Promotional poster for Showtime’s Shameless.

In the series, adapted from the popular UK version about a (largely) white working poor family headed by an alcoholic father, the Gallagher clan and their rowdy Chicago South Side neighbors provide an alternate, if somewhat controversial, representation of urban poverty that relays intricate truths about surviving everyday life on the economic fringes. In fact, the show’s most recent promotional materials have, in true Shameless fashion, exploited the election backdrop. One features actors William H. Macy (Frank), Emmy Rossum (Fiona), and Jeremy Allen White (Lip) posed somewhat menacingly in Fourth of July garb against an American flag, with the tag line “Screwed in the USA.” The video version adds a commentary, with Macy noting tongue-in-cheek, “It’s an election year, so we’re doing this patriotic thing,” and Rossum cracking “it’s got Americana, summer, the in-your-face aggressive Gallagher vibe.” But a commercial for Season 7 puts another spin on this message: beneath the scrolling line “This Fall, every American voice will be heard,” a clip of Frank appears, drunkenly singing the national anthem from a jail cell. This time the tag line notably changes: “We’re so screwed.”

Parsing out the “we” in this claim is one of the many challenges posed by this complex, often outlandish portrait of an in-your-face family in distress. Is Shameless, as John Hendl argues, a flashy bit of “white trash porn” to titillate Showtime’s presumptive entitled viewers who like their comedy smart and edgy but also feel a sense of cultural superiority? An “empathetic” glimpse into welfare offices, chaotic classrooms, ERs, and family court that shows how those with “a voracious appetite for self-preservation” make do, as Washington Post critic Hank Steuver proposes? Or a refreshing tribute to embracing “the luck you got” (series’ theme song title), from staff writers who have experienced similar childhoods? Who, precisely, are the “screwers” and the “screwed”? Shameless runs with the most outrageous class stereotypes only to turn them inside out, foiling any election pollster or social commentator seeking convenient demographic labels.

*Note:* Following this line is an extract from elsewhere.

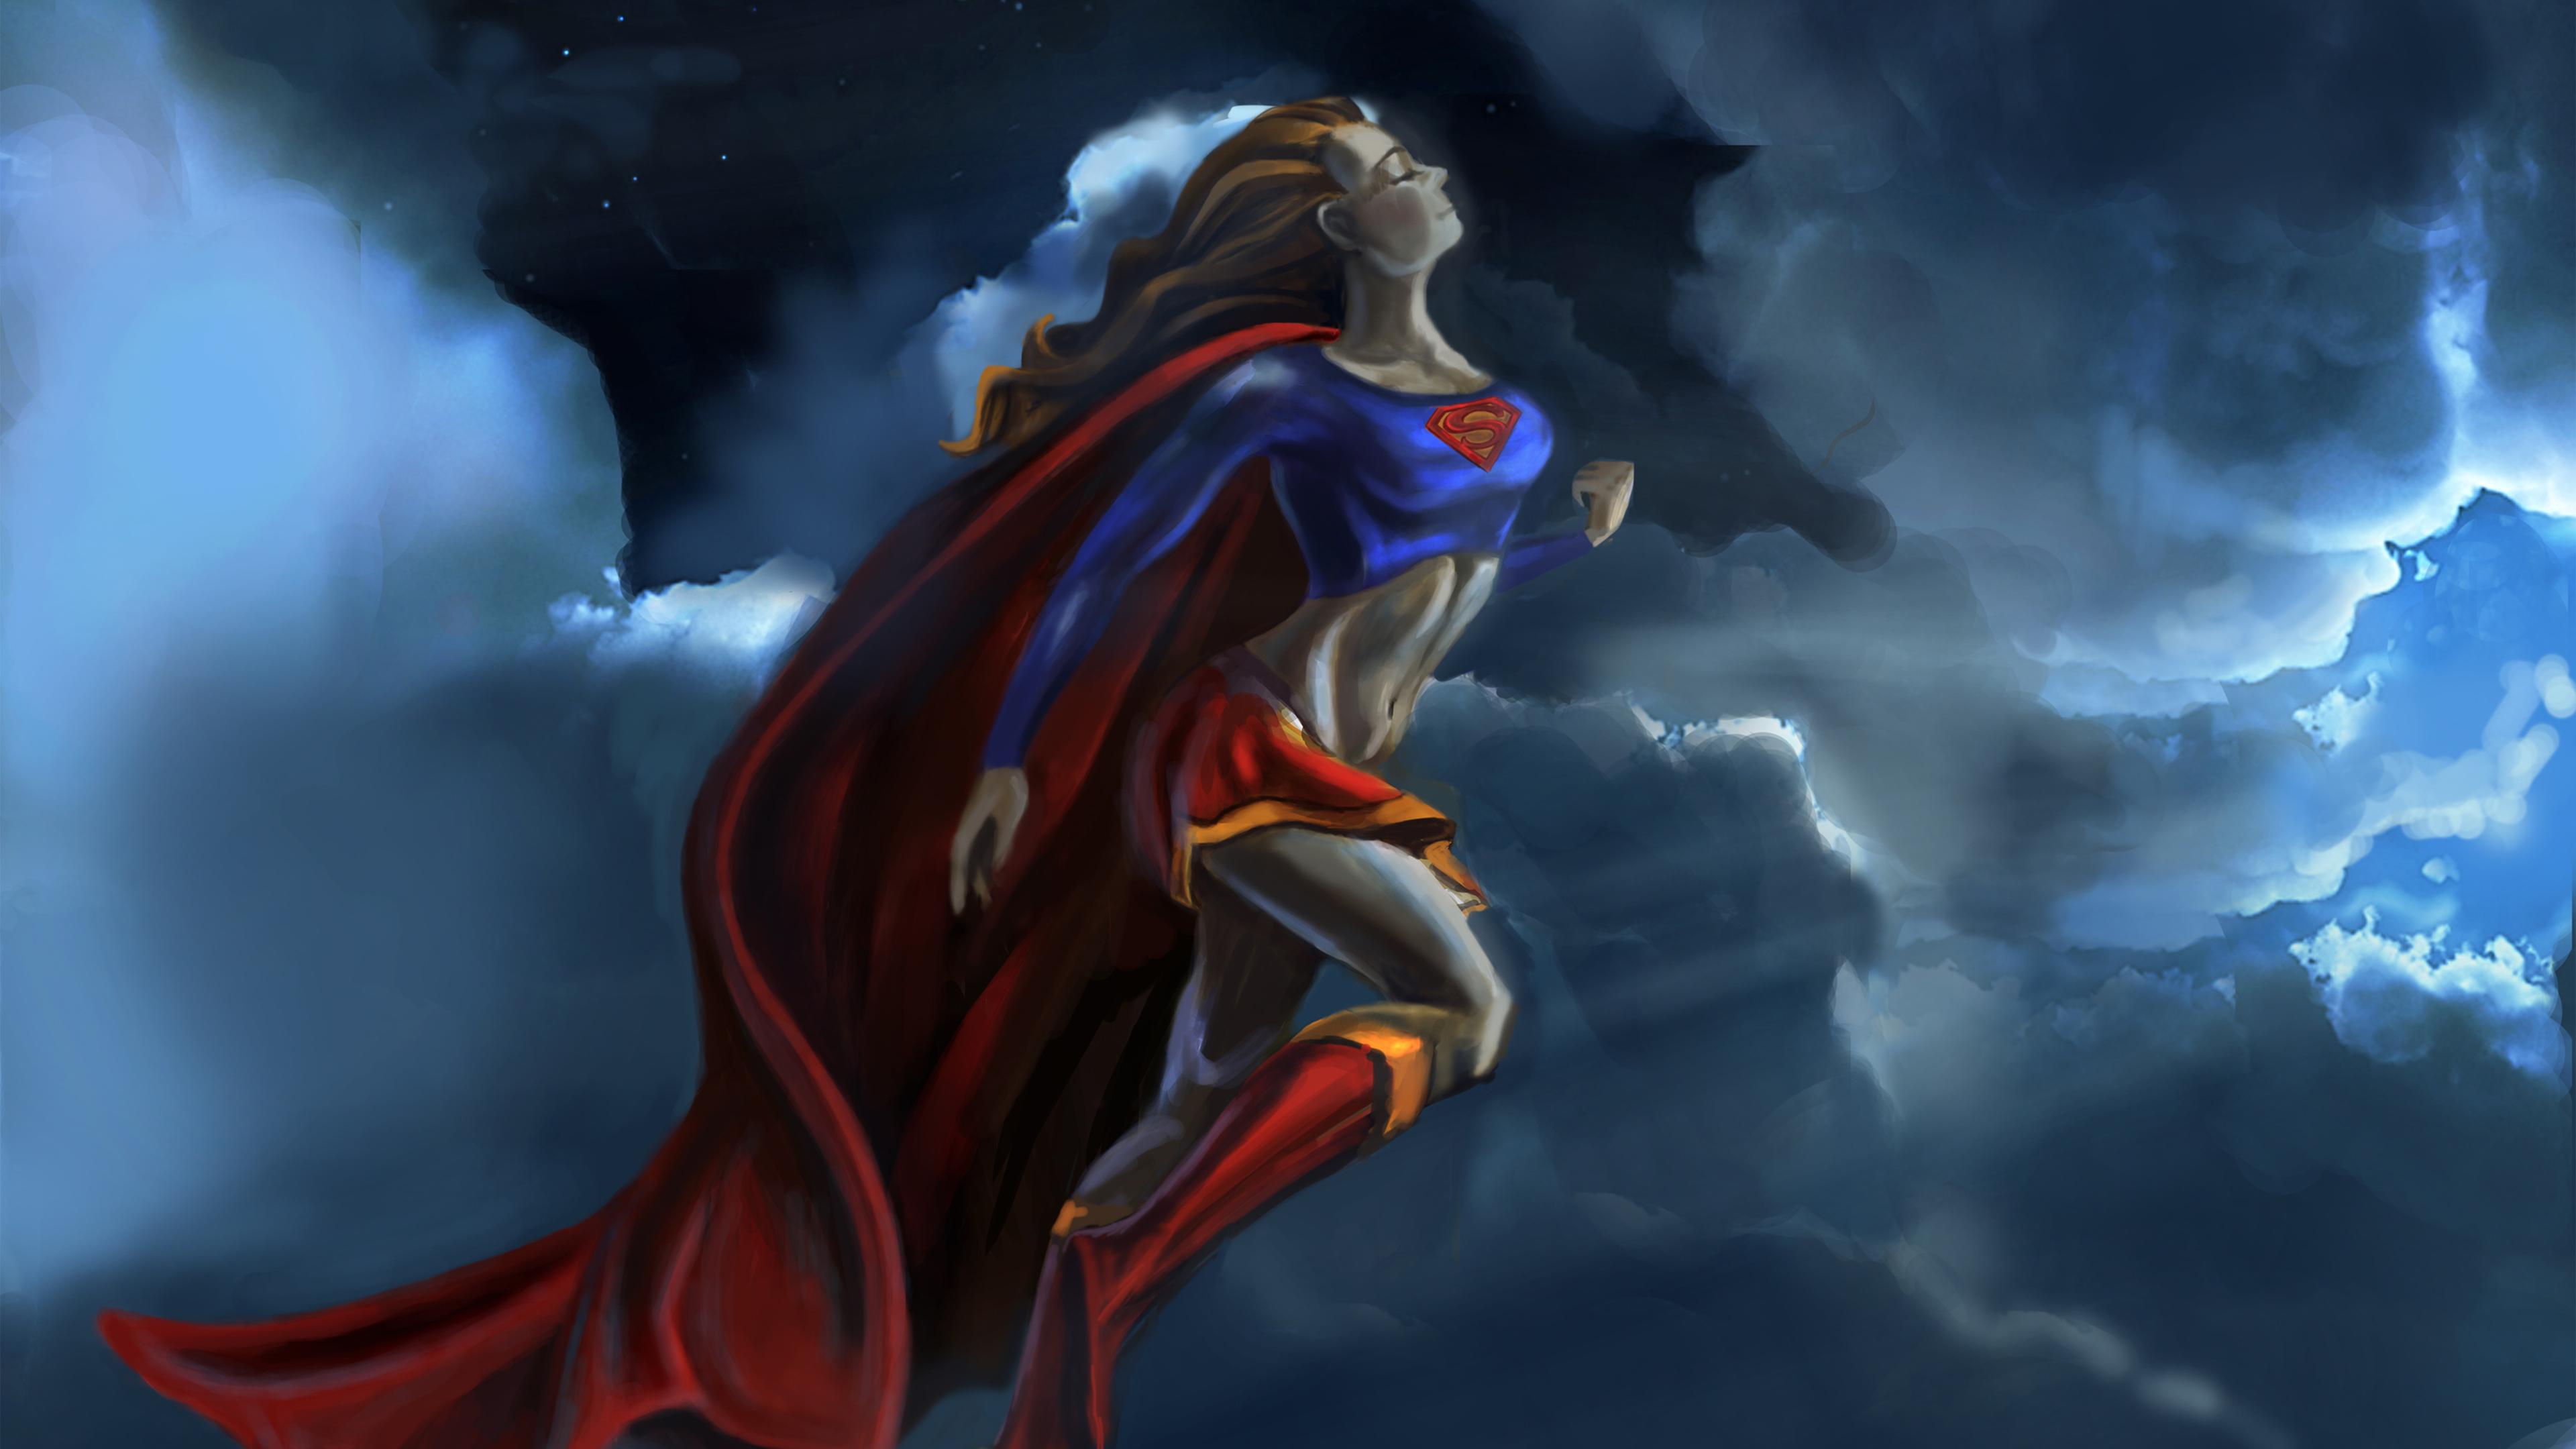 2048x2048 Game Girl Pubg 4k Ipad Air Hd 4k Wallpapers: Supergirl In The Air 4K Art Superheroes Wallpapers

The show’s blended “tragicomedy” or “dramedy” format helps to underscore its broader defiance of pat narrative formulas, staid moral stances, and static categories. As scholar Glen Creeber points out about the UK version, Shameless resists both documentary realism and laugh-track humor, the twin defaults of many film and TV depictions of the white working class. Its nuanced treatment of bipolar illness, which affects both Monica, the absent Gallagher mother, and Ian, the second eldest son, similarly captures poverty’s extreme lows and highs (the latter often courtesy of cheap liquor, drugs, and sex). Both noisily crowd the screen in every story arc, matched by equally manic pacing and camera work.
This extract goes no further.